High interest rates responsible for high default loans and vice versa: Finance minister
The government has formed a committee to find ways to implement single-digit lending rate
High interest rate is responsible for the rising trend of default loans while high volume of such loans is the only obstacle to reducing the interest rate to a single digit, said Finance Minister AHM Mustafa Kamal yesterday.
He admitted that the surging default loans is the only area where the government could not play a strong role.
"If the interest rate goes down, the amount of non-performing loans will also come down," he said at a meeting with the chairmen and managing directors of all the banks.
The government yesterday formed a committee to find a way to bring down interest rates to single digits as private sector banks could not lower their lending rates even one year after they promised to do so.
The banks' promise came after the then finance minister AMA Muhith had given the banks some special facilities by reducing their compulsory reserve requirement. Each bank has to maintain a certain portion of their deposit with the central bank and if the requirement is slashed, the banks get more money to lend.
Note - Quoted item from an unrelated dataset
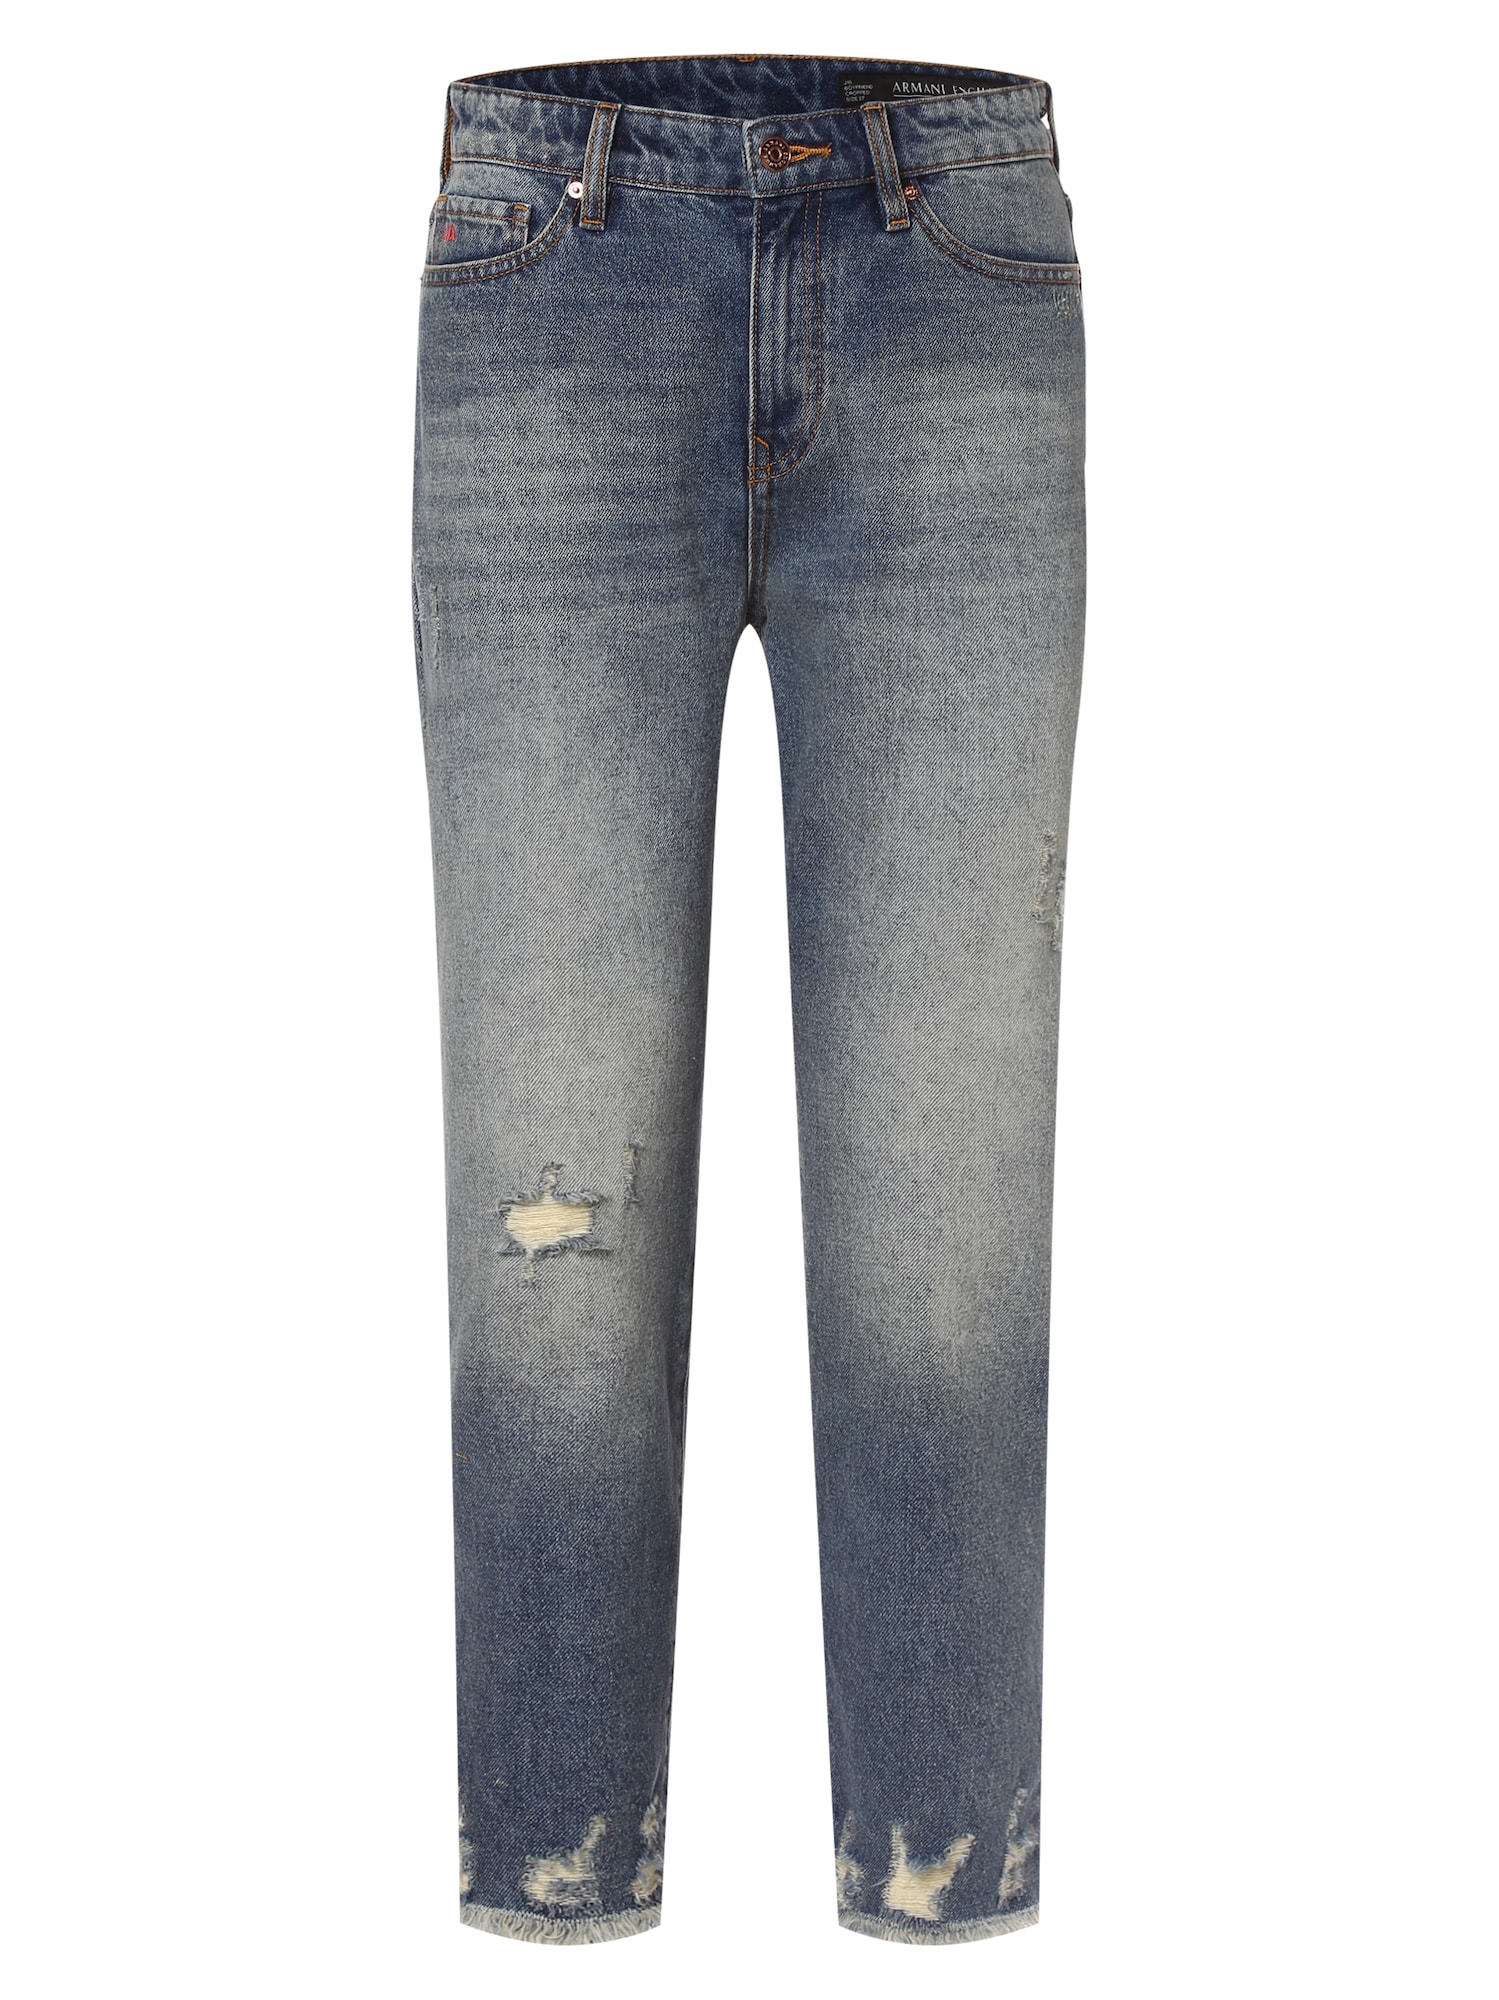 ARMANI EXCHANGE Jeans hellblau

However, their promises came to naught because the banks are laden with default loans, leading to high cost of funds. This made their promise of lowering interest rates ever elusive.
One year following the banks' promise, Finance Minister AHM Mustafa Kamal met the chairmen and managing directors of all the banks yesterday and gave Bangladesh Bank Governor Fazle Kabir the responsibility to form the committee. The governor formed the committee on the very day.
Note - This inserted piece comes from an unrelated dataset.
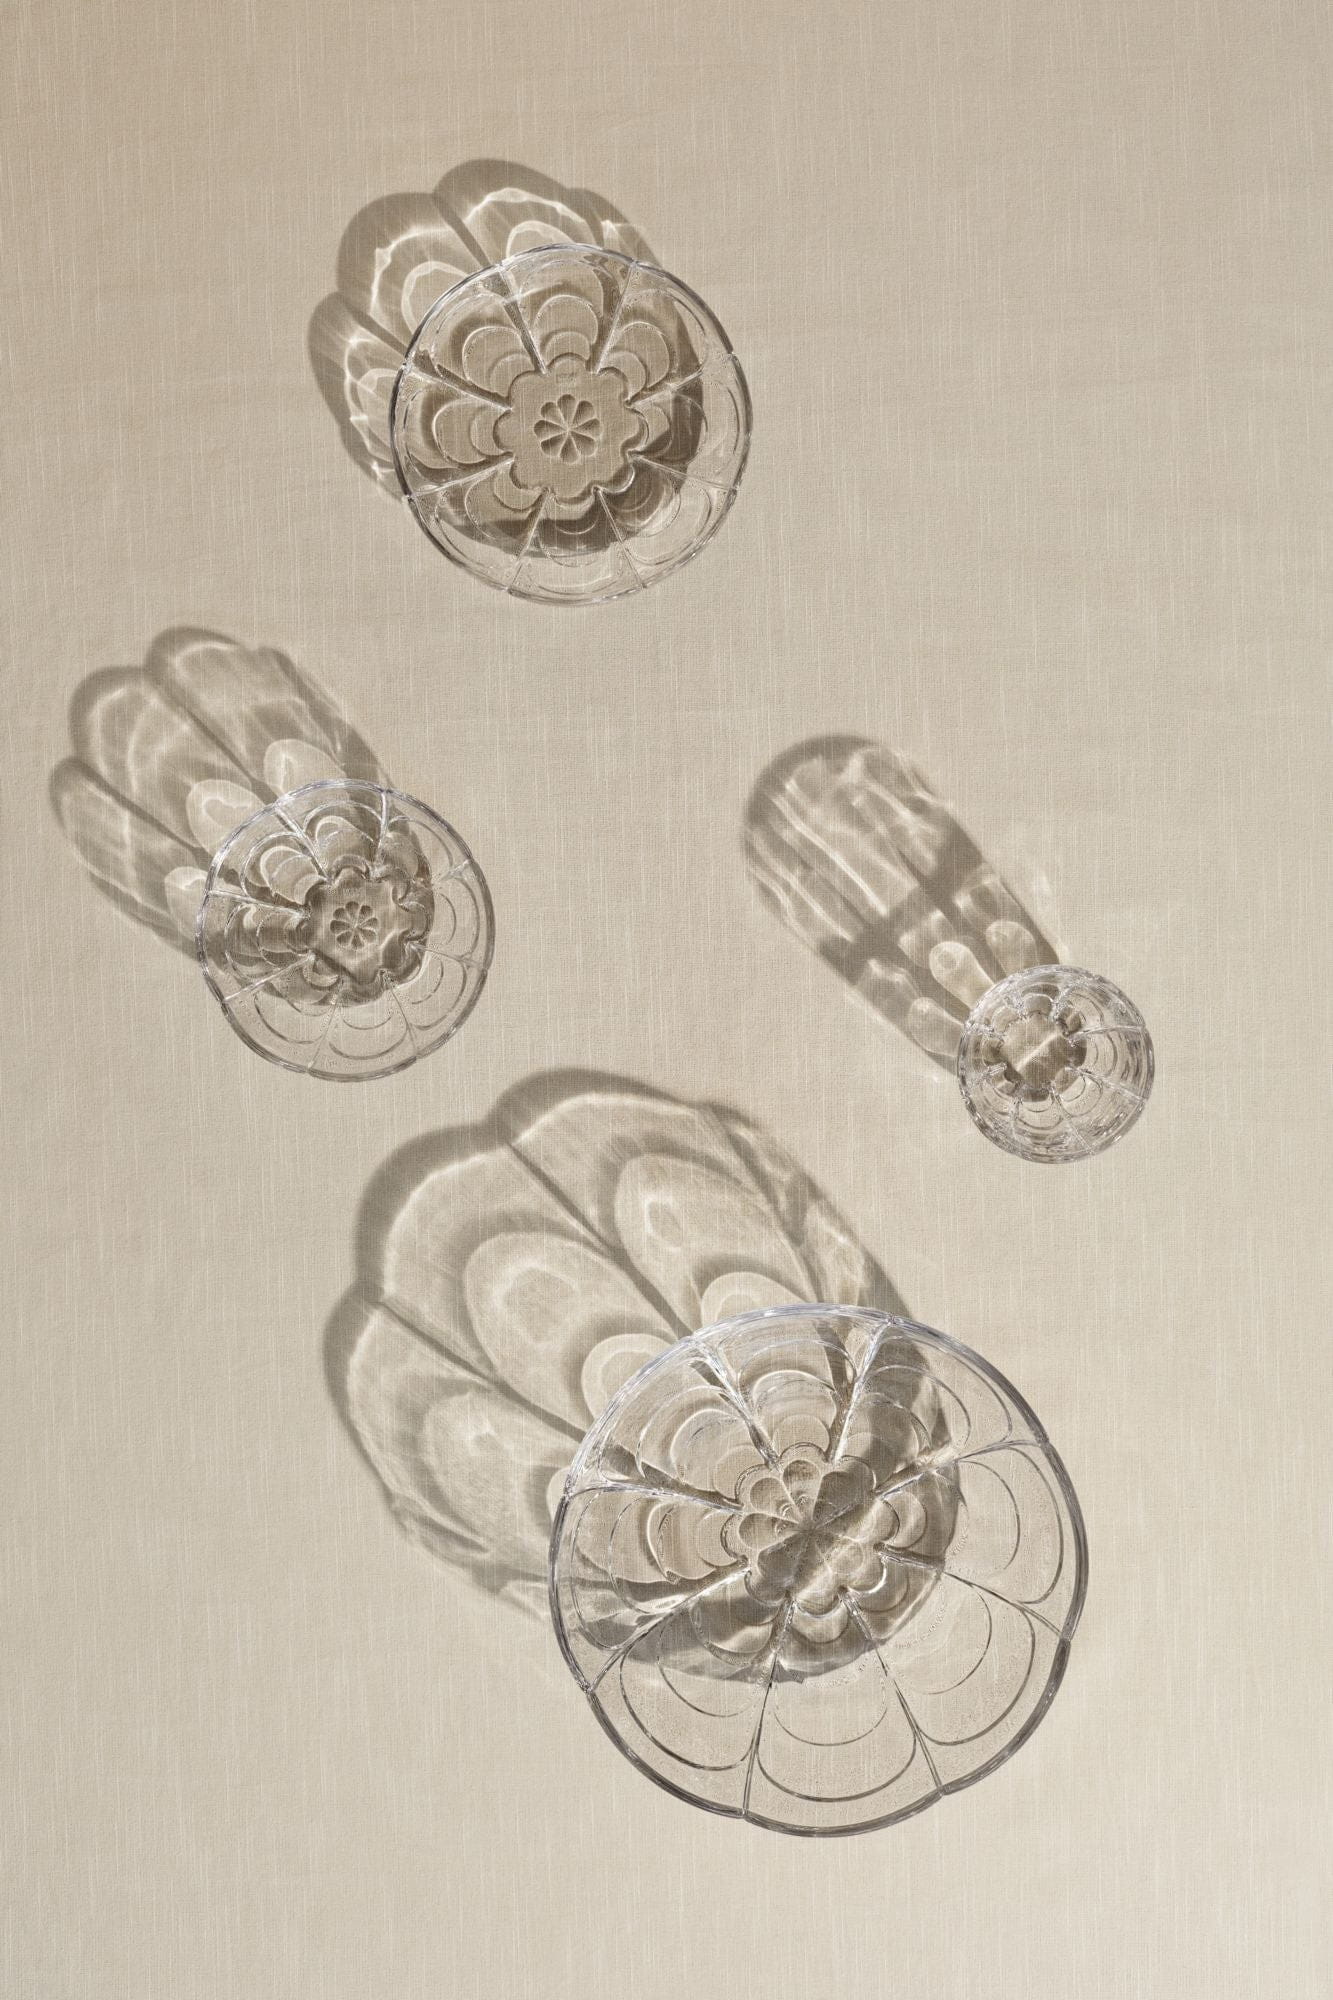 Holmegaard Lily Small eggjaplötur sett af 2 Ø16 cm, tær

The seven-member committee is headed by SM Moniruzzaman, deputy governor of Bangladesh Bank. Other members are the chairmen of Agrani Bank and Standard Bank, and the managing directors of Rupali Bank, Mutual Trust Bank, IFIC Bank, and NRB Bank.
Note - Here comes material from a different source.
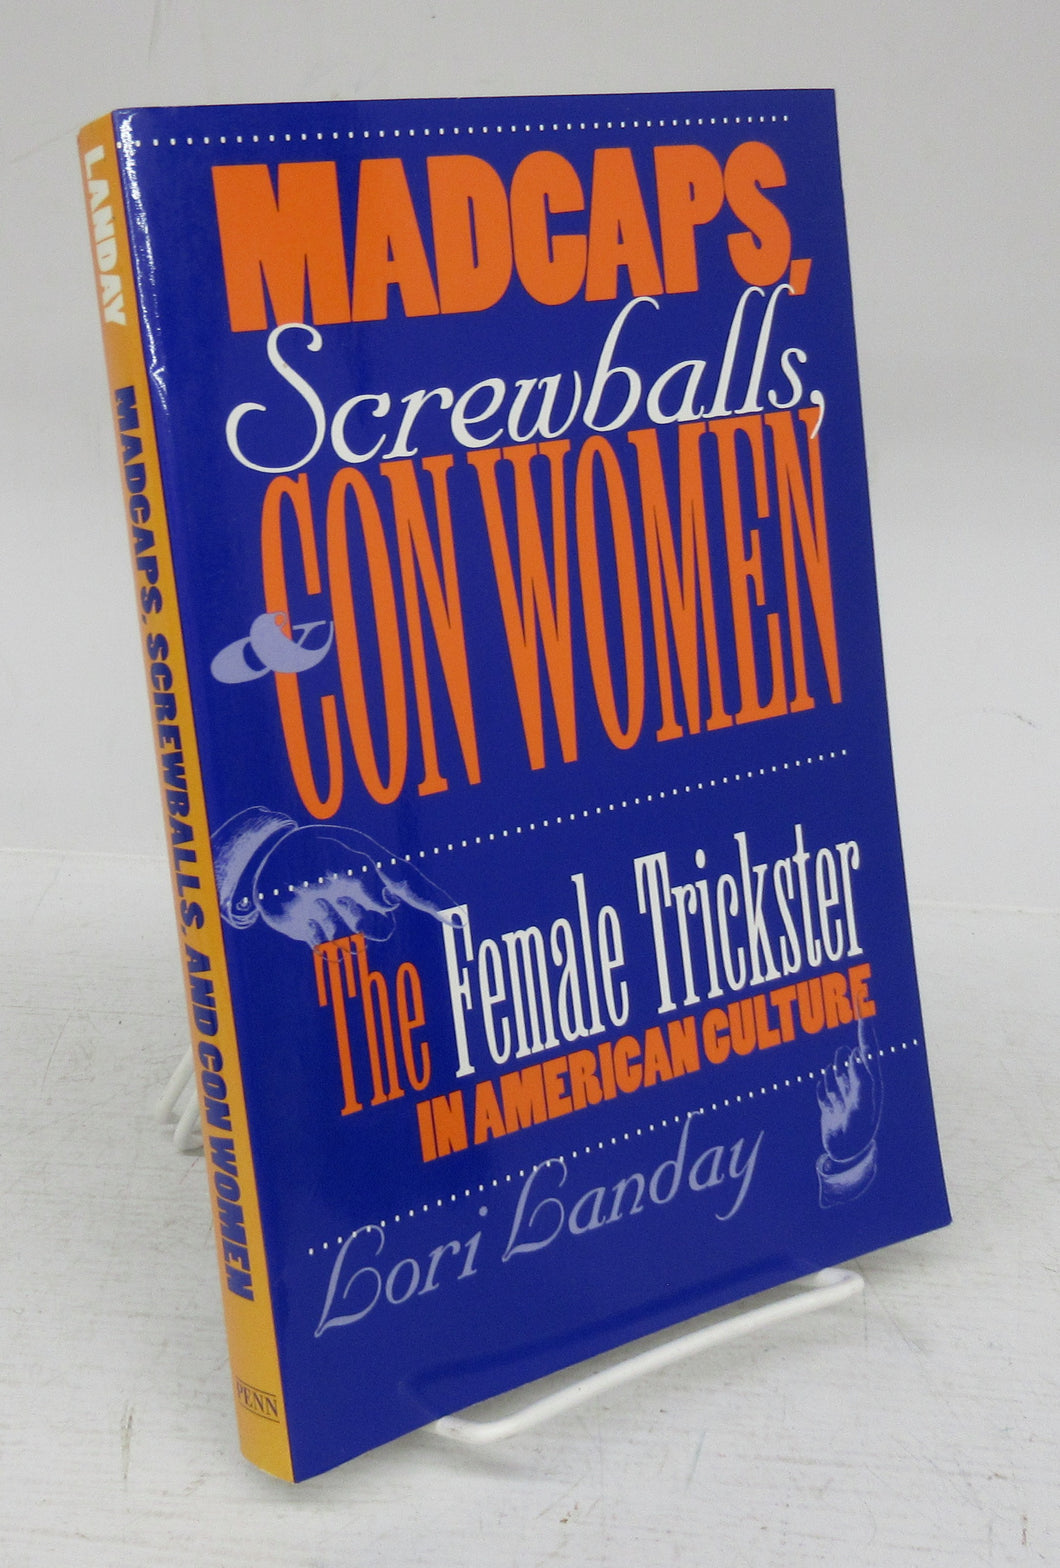 Madcaps, Screwballs, & Con Women: The Female Trickster in American Culture

The committee will submit a report by seven days, outlining ways as to how the single-digit interest rate can be implemented, the finance minister said, adding the reduced rate will be implemented from January 1, 2020.
Though the government is firm to bring down the interest rate, bankers said it will push the banking sector into a deeper crisis.
A forceful implementation of the single-digit lending rates can boomerang on the banking sector, said a top executive at a private bank.
Bankers in Sunday's meeting said they do not have fund to lend at lower rates, according to the meeting sources.
Pressurised to implement a single-digit lending rate, banks became reluctant to lend money, taking the private sector credit growth down to 10 percent in October, the lowest in recent history.
In April last year, then finance minister AMA Muhith in a meeting with bankers decided to slash the Cash Reserve Ratio (CRR) by 1 percentage point to 5.5 percent for the benefit of banks to cut their lending rates.
Later in June that year, the Association of Bankers, Bangladesh announced to bring down the lending rate to 9 percent and the deposit rate to 6 percent from July 1, 2018.
The decision is yet to be implemented even though more than one year has elapsed. During this period, the Bangladesh Bank kept reminding the banks to fulfil their commitment but most of the private banks are still lending at interest rates above 12 percent.
However, state-owned banks have already brought down their lending rates to single digit.
On August 4 this year, the finance minister held a meeting with the chairmen and managing directors of private banks at the Bangladesh Bank headquarters and instructed the central bank to issue a circular to implement the single-digit interest rate.
The Bangladesh Bank served a letter on private banks instead of issuing a circular, strictly asking them to implement it.
But the banks did not comply with the central bank's instructions on the pretext of liquidity crisis.
Earlier on January 10 this year, the finance minister said default loans would not increase anymore because the Bangladesh Association of Banks would take necessary measures to check the loans.
However, default loans ended up increasing by Tk22,377 crore from December last year to September this year.
"It is true that non-performing loans have increased but there is reason," said the finance minister yesterday.
He said default loans are on the rise only because of high lending rates.
Defaulters were offered a long-term loan rescheduling policy to cut NPLs which will help banks to clean balance sheet in next 10 years. But it could not be implemented due to a stay order from the court.
By this time, NPL increased as the good clients who were paying regularly have stopped their payment to avail advantage of the policy.
"Now the court order is in our favour and its impact will be reflected in NPLs by January," the finance minister said.
He also hoped that the amount of NPLs will come down by December once the rescheduling policy is implemented.
Ahsan H Mansur, executive director of Policy Research Institute (PRI), however said, "Administrative approach will never work in market solution."
"It will distort the market and some influential will take the opportunity to take the money at low cost," he argued.
The implementation of single-digit lending rate will deepen liquidity crisis as the state-banks have already fallen in fund crisis for lending money at single-digit interest rates, he explained.